> Exercise data

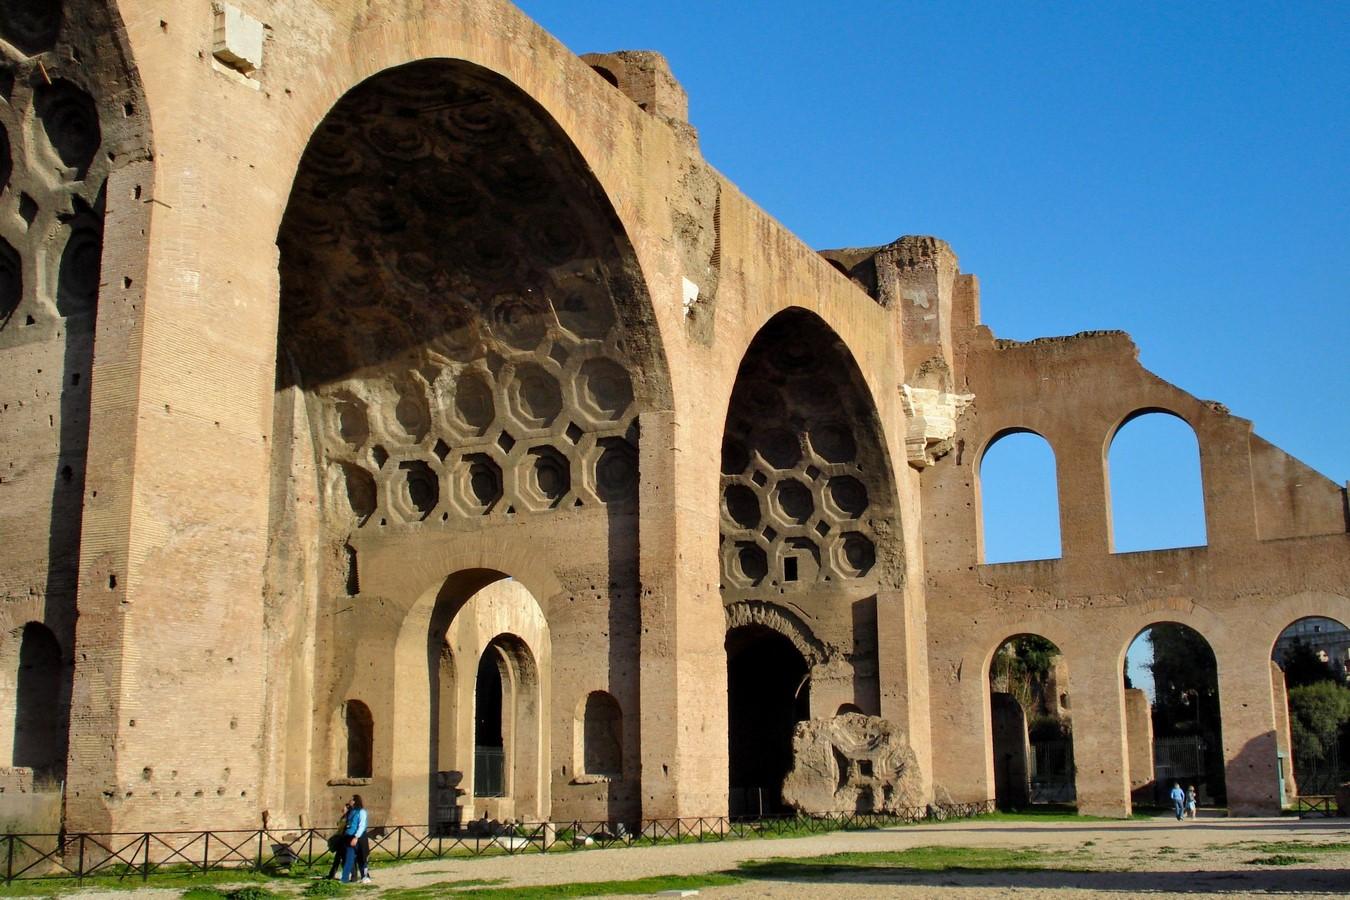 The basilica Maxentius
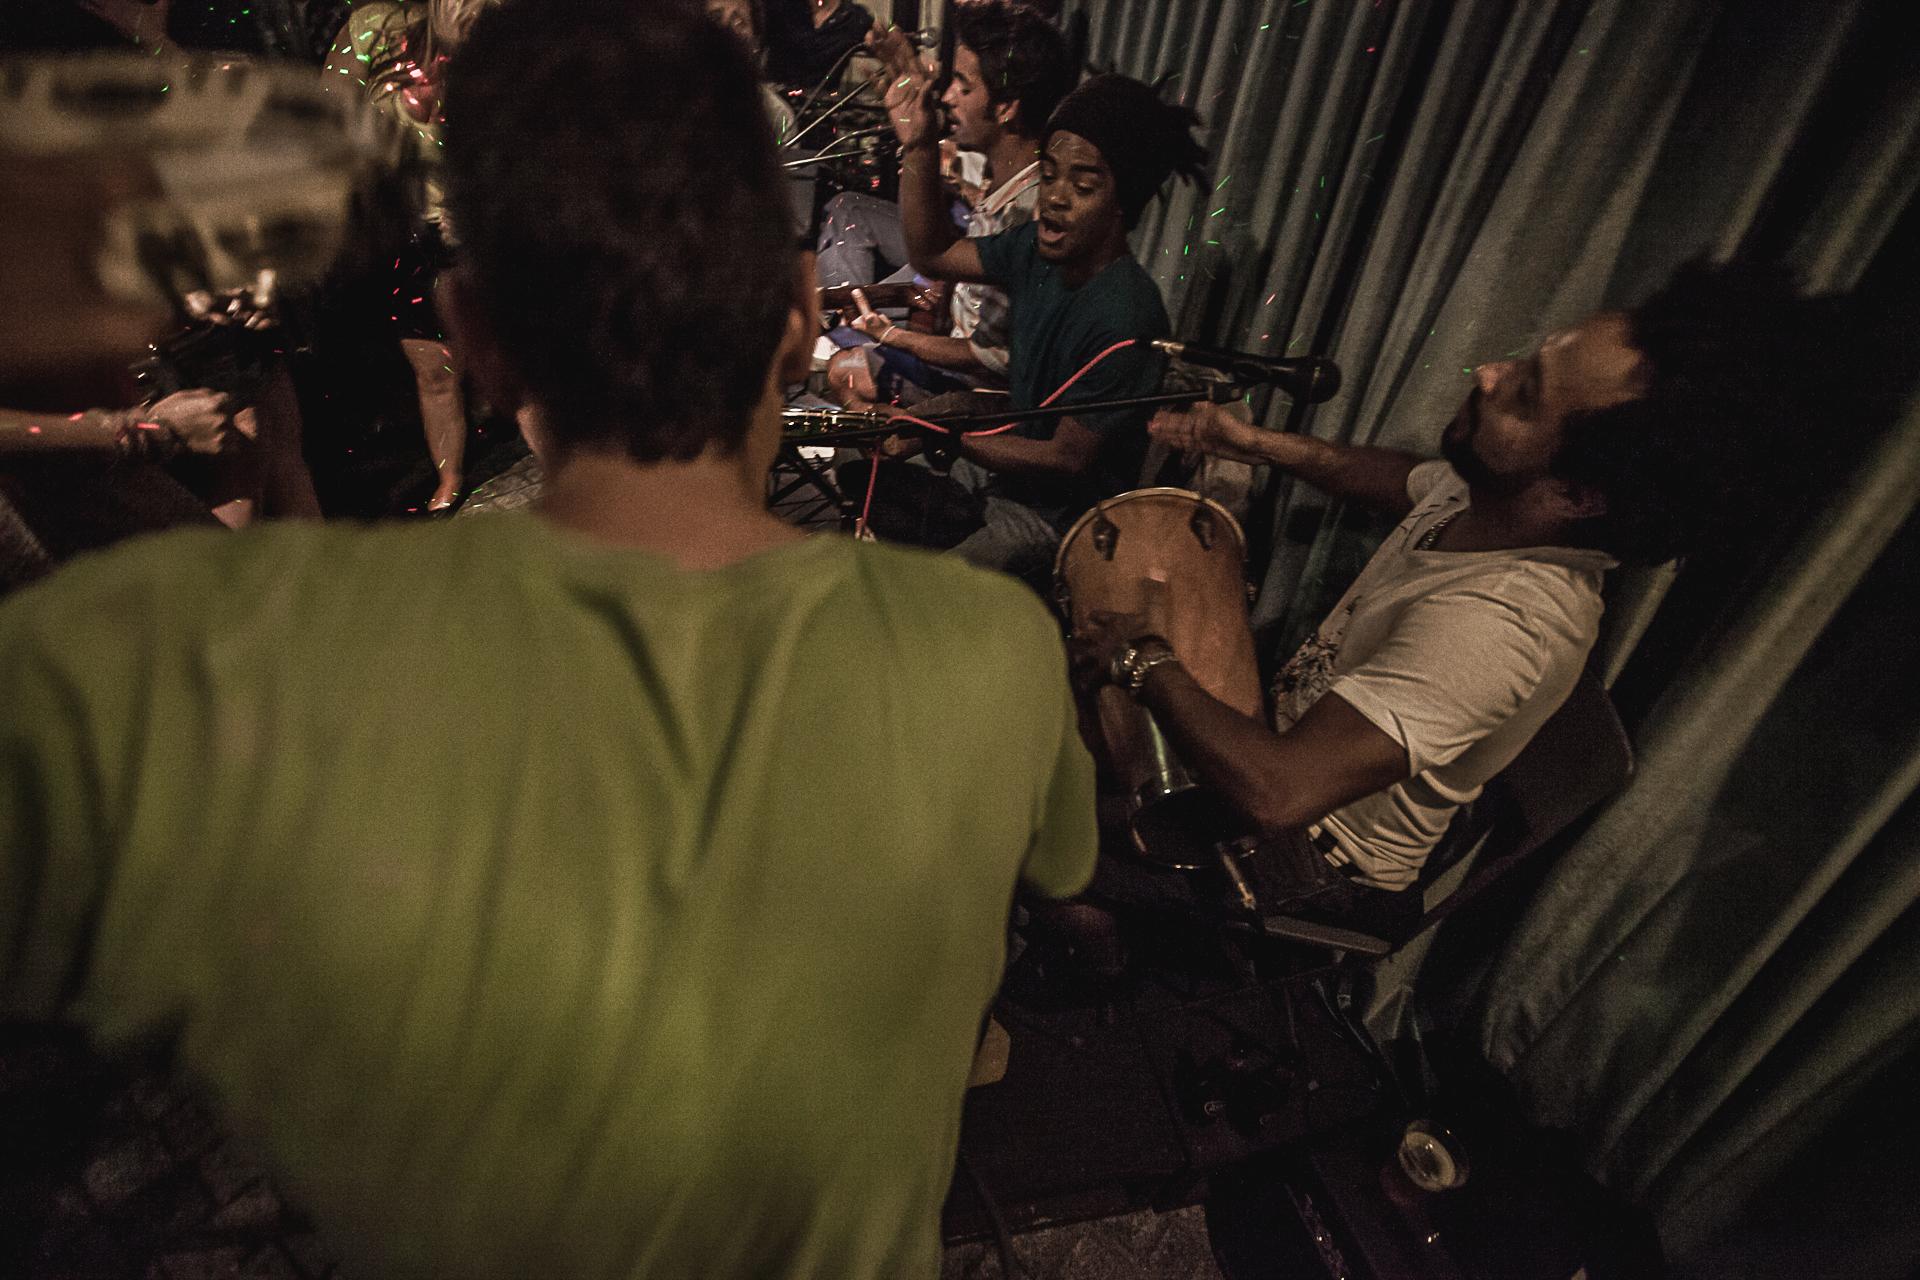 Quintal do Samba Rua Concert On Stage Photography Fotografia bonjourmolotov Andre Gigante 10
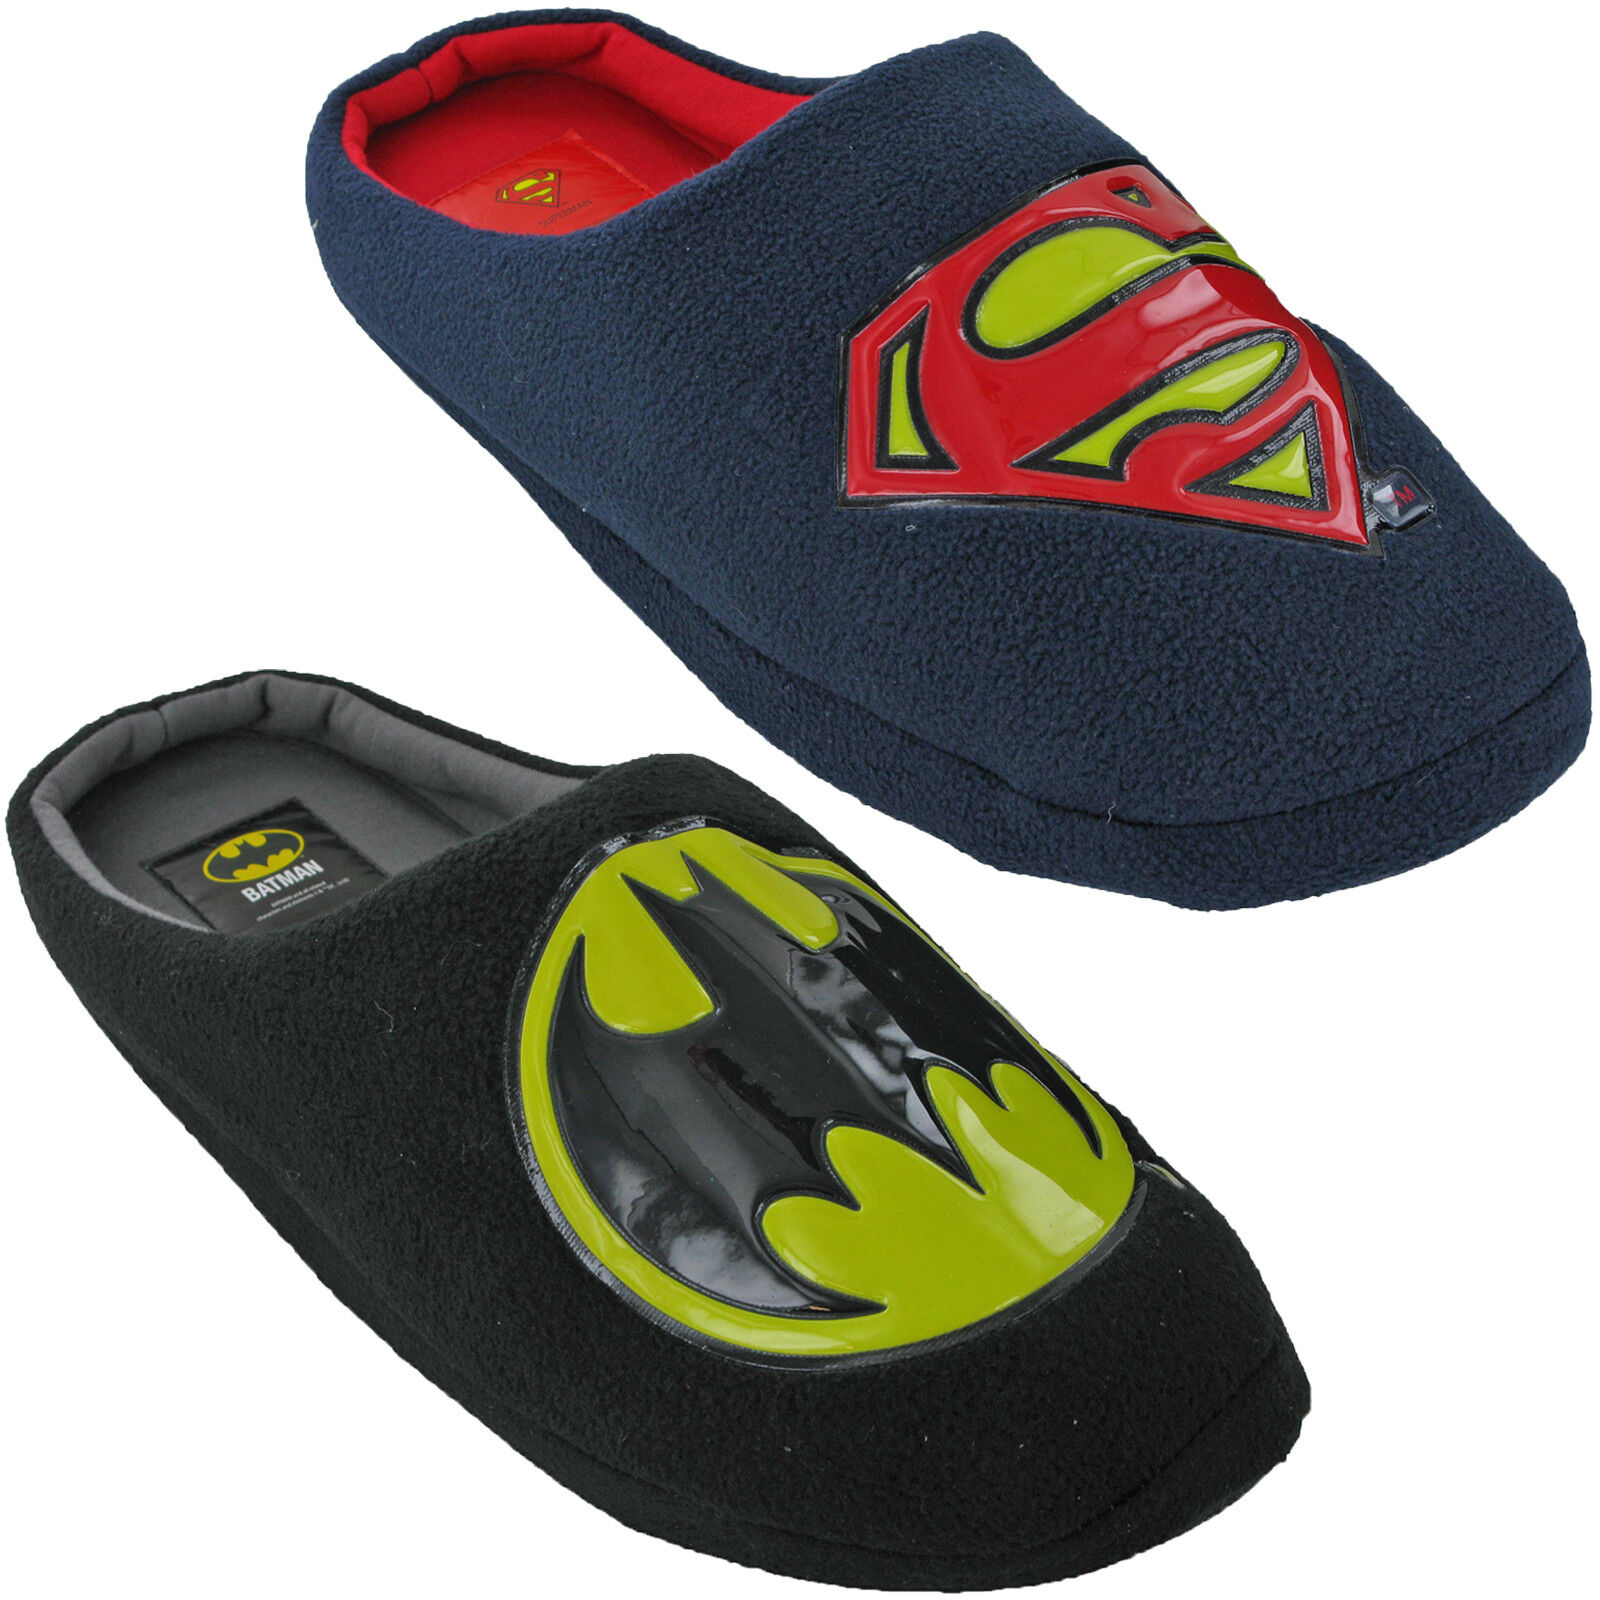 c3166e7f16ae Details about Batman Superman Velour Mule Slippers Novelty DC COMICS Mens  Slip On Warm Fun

> Problem statement
What you return must match the material above exactly, minus its pictures.

> Answer space
 The basilica Maxentius
 Quintal do Samba Rua Concert On Stage Photography Fotografia bonjourmolotov Andre Gigante 10
 c3166e7f16ae Details about Batman Superman Velour Mule Slippers Novelty DC COMICS Mens  Slip On Warm Fun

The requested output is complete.